When you’re the buyer:
- Your max loss is the premium you paid
- You’re never forced to buy or sell shares
- You’re in control of the position
So there’s nothing to “be careful of” in that sense.
The real risk with LEAPS isn’t assignment. It’s being wrong on the stock or the timing.
I just have to give credit where credit is due. This is a great write-up on LEAPS! I’d probably take it one step further, though. Instead of buying an at-the-money LEAP, I usually go 10%, 15%, or sometimes even 20% higher. This helps save on time value premium, and it may allow you to buy an additional LEAP – giving you control of 200 shares instead of 100. – Dave
Great point. I think that’s a really smart way to approach it.
Although you’re not asking a question, I still wanted to share this with everyone because it’s a great insight.
Going slightly out-of-the-money can lower the premium and, like you said, let you control more shares.
The tradeoff is you’ll just need a bigger move for it to work.
Keep the great emails coming, Dave.
Can I purchase LEAPS through my regular Schwab option account? – Dale
Yes! LEAPS are just longer-dated options.
I recently started trading LEAP spreads while selling put options to essentially get in the trade for free. When looking out over a year, a $25 spread costs maybe $2 or $3. You can generally recoup that by selling a 2 or 3 month put, way out of the money. – Brett
Now we’re talking, Brett. This is a bit more advanced than I like to talk about in this newsletter (because I’ve got investors of all skill levels here.)

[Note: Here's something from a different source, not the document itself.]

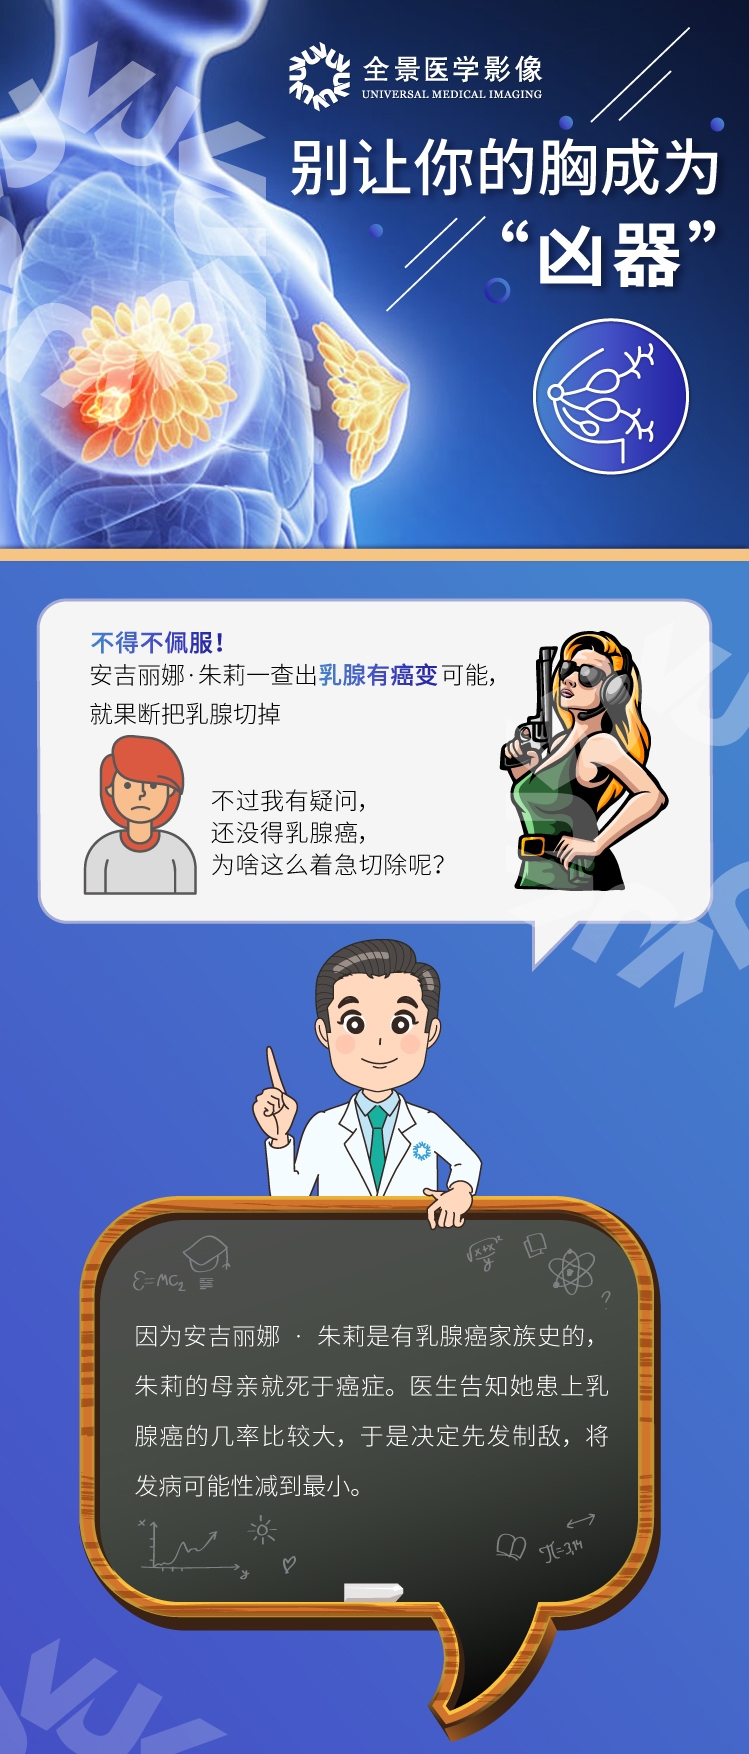 上海乳腺癌筛查

But buying LEAPS while simultaneously selling puts is a great way to reduce your up front cost – because you’re earning income from selling the puts.
There’s more risk involved here, of course. This brings assignment risk into the equation that James mentioned above.

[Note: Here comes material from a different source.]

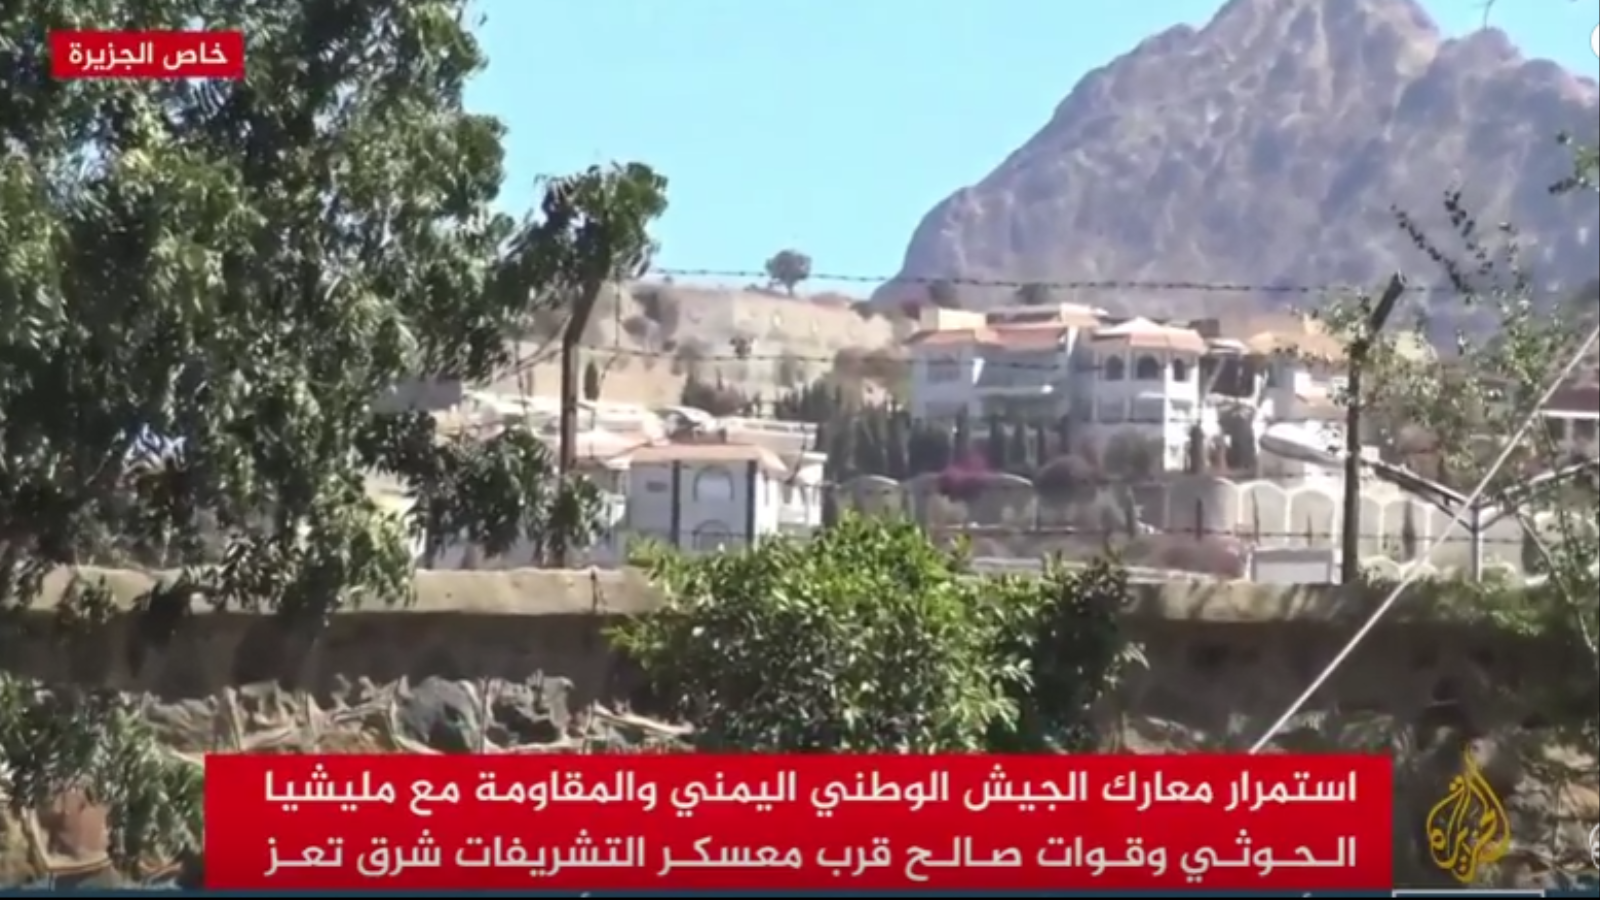 ‪معسكر التشريفات كان خط الدفاع الأول لقوات الحوثي وصالح عن القصر الجمهوري‬ (الجزيرة-أرشيف)

But over a long time horizon and with a high-quality underlying company, I like the strategy.
Hello Davis. I’ve been interested in selling covered calls against leaps. My question is what happens to the leap if the covered call expires in the money and is exercised? Since you don’t actually own the shares, how does the call buyer obtain the 100 shares and what is the max loss on the leap option? Thanks. – Mike
Hey, Mike. What you’re describing is often called a poor man’s covered call (long LEAP + short call).
If your short call expires in the money and gets exercised, you’re assigned. That means you’re obligated to deliver 100 shares.
Since you don’t own the shares, your broker will typically do one of two things:
- Exercise your LEAP to get the shares and deliver them
- Or close both positions (sell your LEAP and buy back the short call)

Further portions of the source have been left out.